Podría contarle la verdad y obligarlo a dejar el palacio, pero ¿qué certeza tenía ella de que se harían cargo de él? Al palacio no parecía importarle en absoluto lo que sucedía con sus trabajadores siempre y cuando entregaran un producto final, tal como el viejo Aris le había adelantado al contratarla.

Quería ayudar a su amiga y verla sonreír maliciosamente otra vez, pero tendría que pedir su cooperación. Hacer las cosas por ella misma probablemente no funcionaría esta vez.

Y no quería asesinarlo.

Sintió una presión en el pecho. ¿Dónde estaba él?
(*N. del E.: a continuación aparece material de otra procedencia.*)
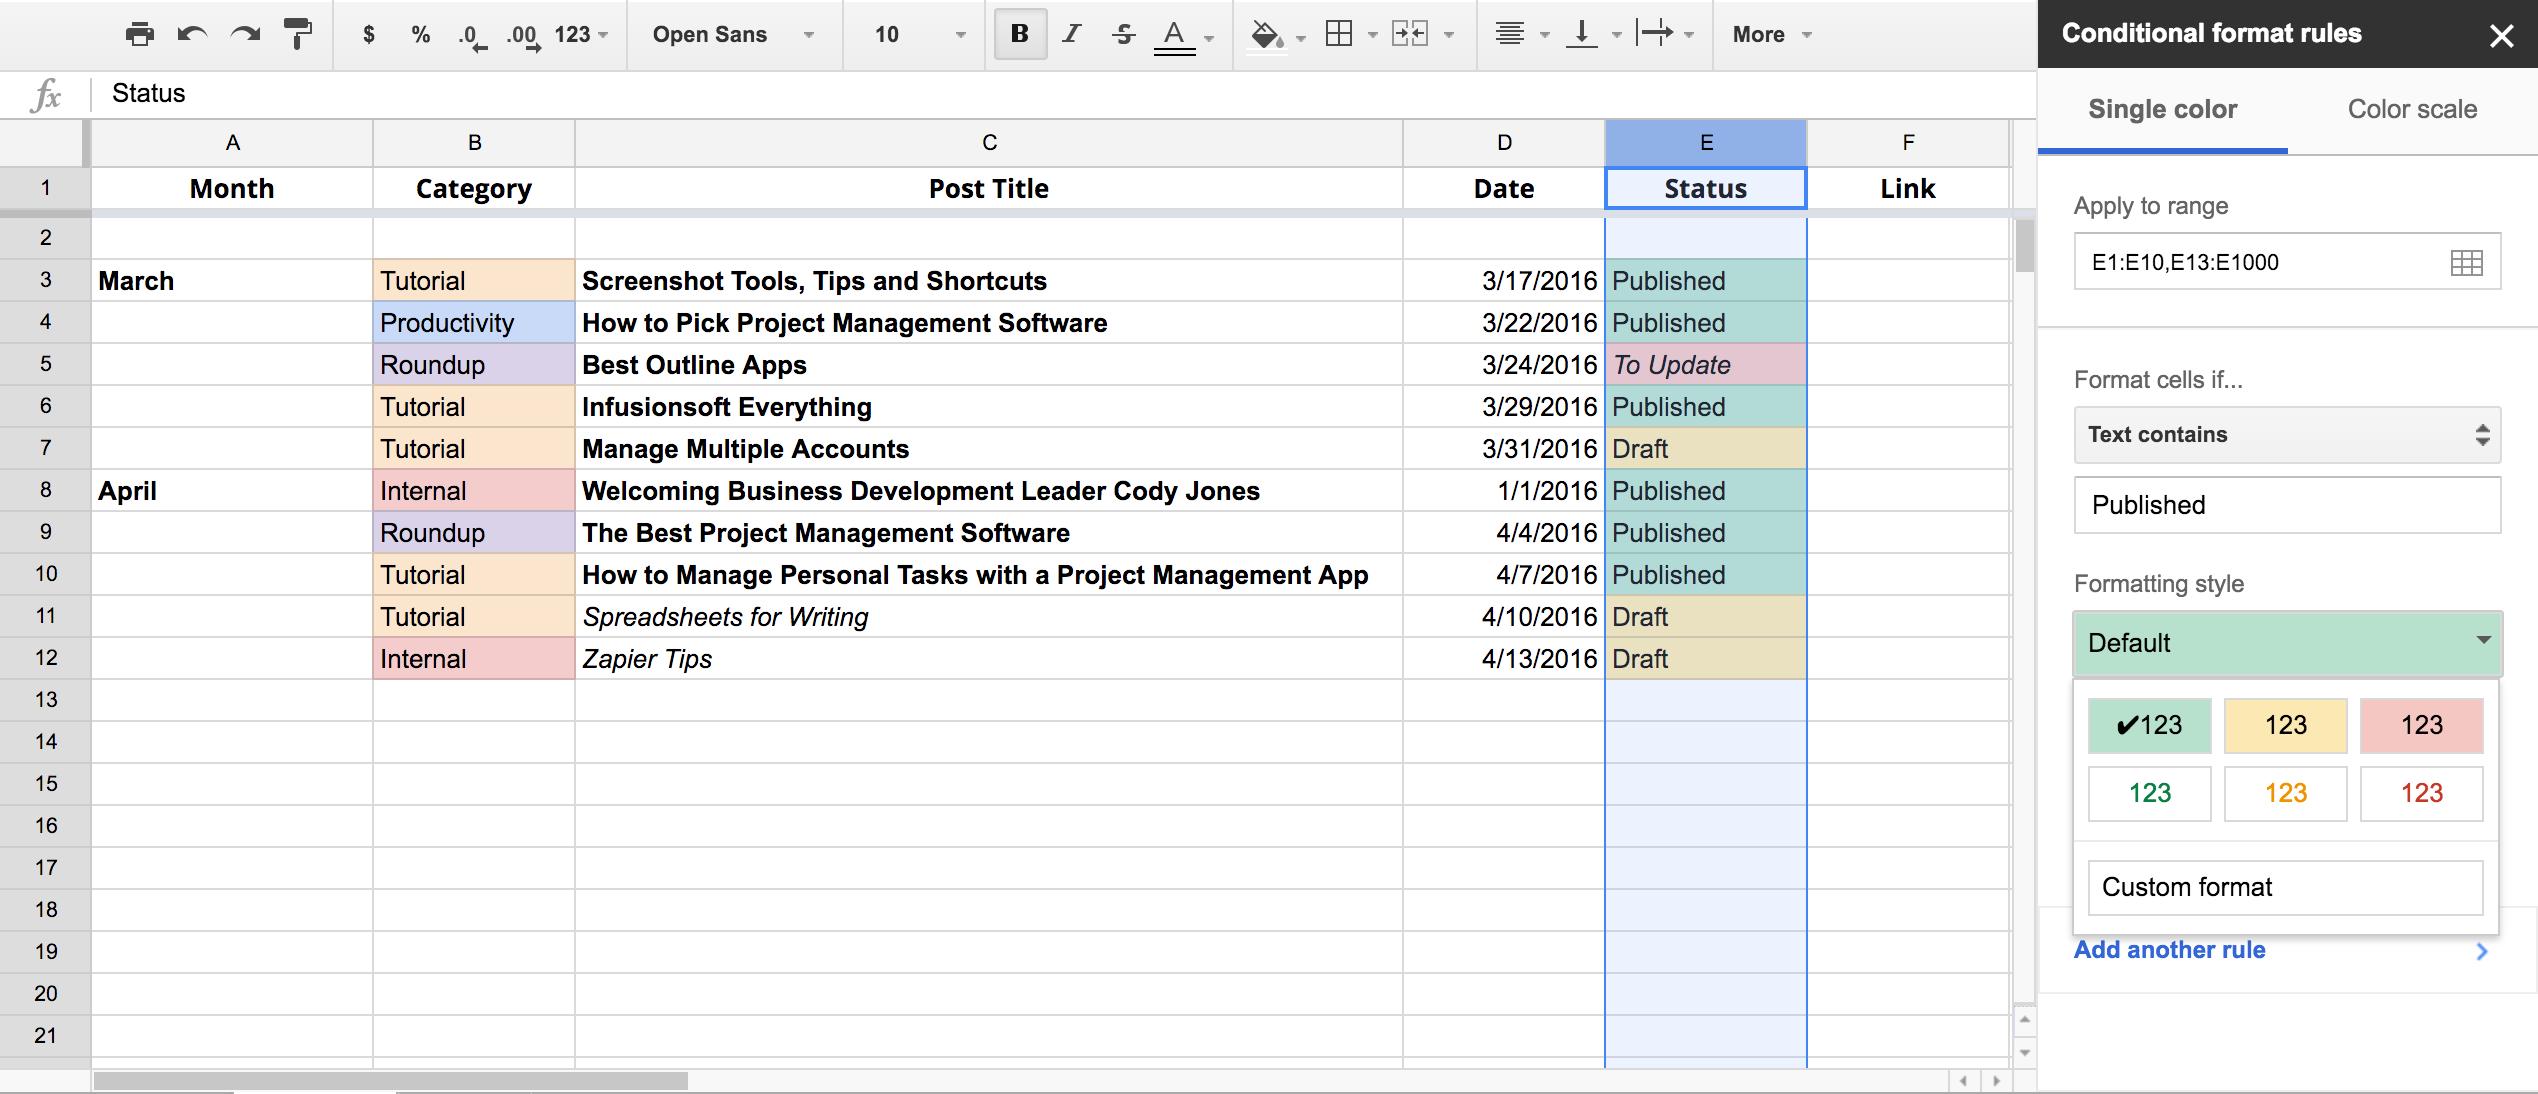 Convert Excel Spreadsheet To Calendar | Printable Calendar 2020 2021 Within Convert Excel File To Calendar
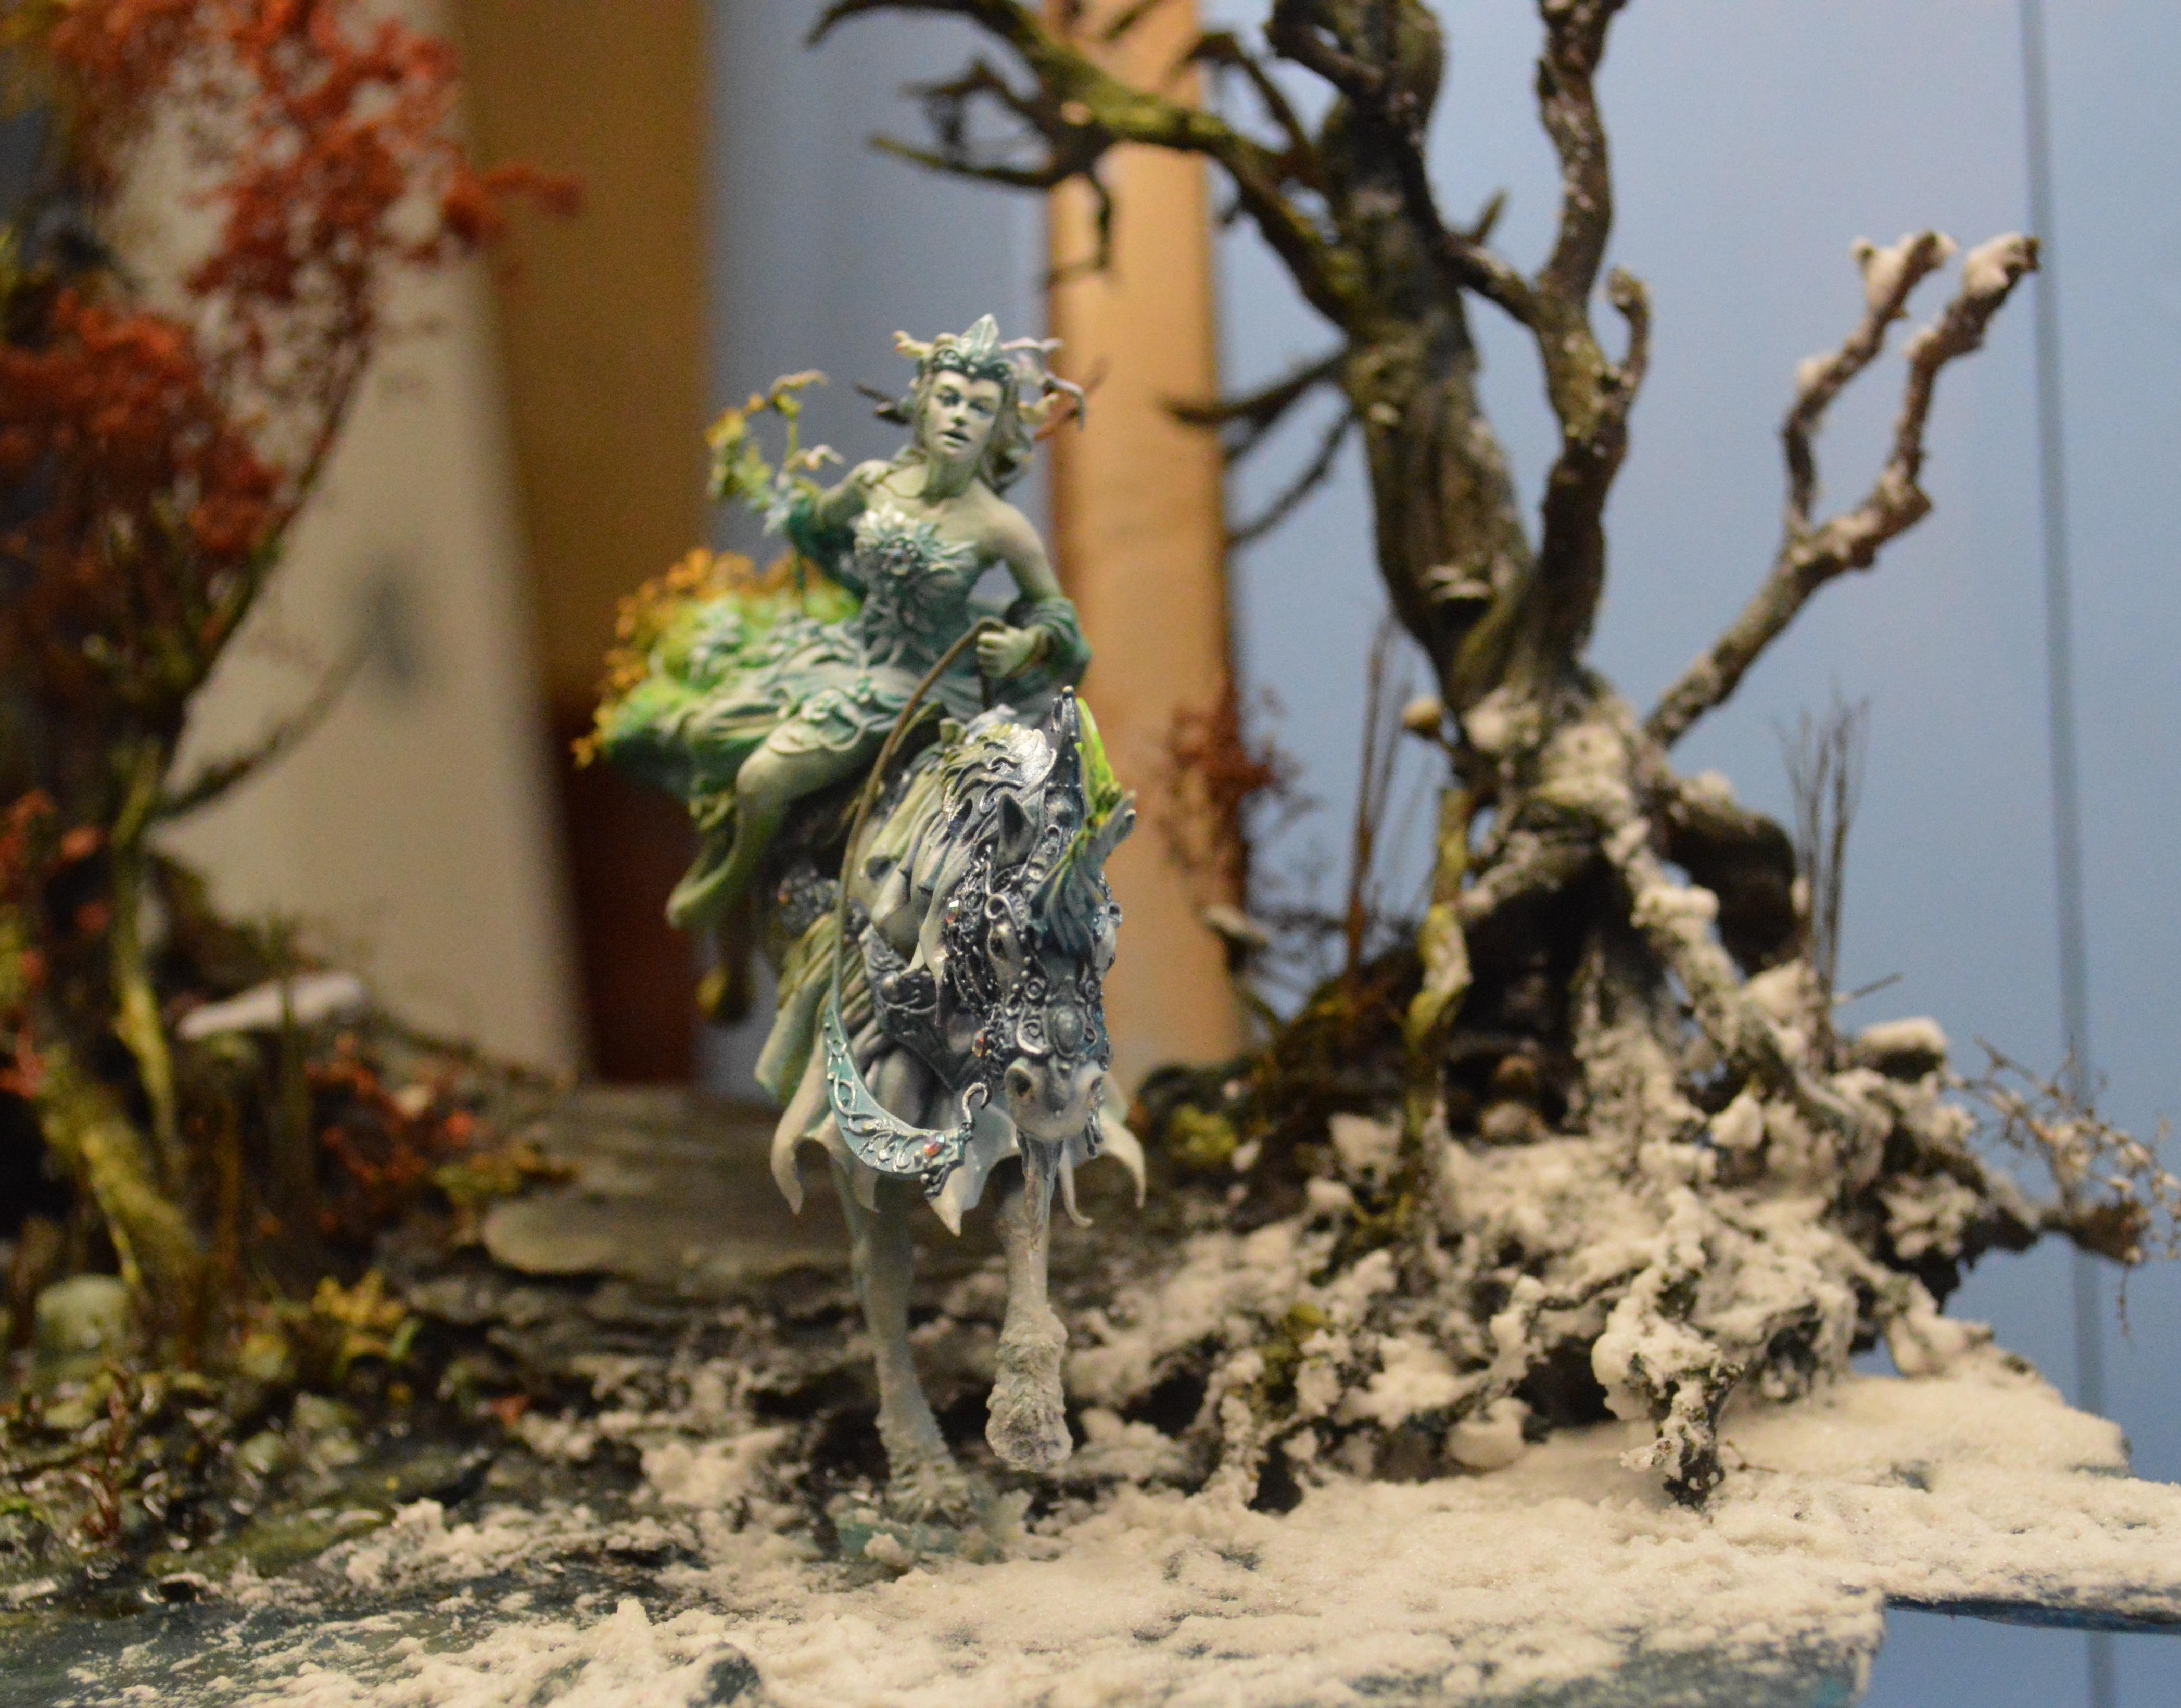 Adepticon 2014, Crystal Brush, Diorama, Female, Wood Elves

Ni siquiera Aline lo sabía, la había escuchado decirlo. No podía ser posible que le hubiese sucedido algo durante su paseo con la princesa.

No, si podía. Si alguien había sido capaz de derrotar a Ophelia, era posible que Hakone hubiese corrido la misma suerte.

Intentó disipar esos pensamientos, no podía estar segura de nada de eso.

Quería verlo y saber que estaba bien.

Aún tenía tiempo antes de que comenzara su jornada en el laboratorio de herbología, podía ir a su habitación. Su instinto le decía que había algo que tenía que encontrar allí.

Pero, ¿qué buscaba? ¿Una nota que dijera que huyó para salvarse?, ¿una pista que dijera algo sobre él?, ¿su cadáver escondido en algún rincón?

Pensó que se atrevía demasiado con la última opción. De todas maneras, comenzó a caminar hacia el ala este del palacio, donde estaban las habitaciones masculinas. Jamás olvidaría el lugar donde tuvo que ser contenida por el hambre.

Cuando se halló a sí misma frente a la puerta de la habitación, supo qué era lo que la atraía hacia aquel lugar.

El alma sin cuerpo que flotaba dentro de la habitación había comenzado a desaparecer. Pudo notar cómo se consumía poco a poco en el aire, llevando sus restos y su energía hacia un lugar que desconocía, como el fuego cuando ya no quedaba nada más que hacer arder y comenzaba disminuir su intensidad.

Estaba muriendo, tal y como había pasado con el alma de Tobías.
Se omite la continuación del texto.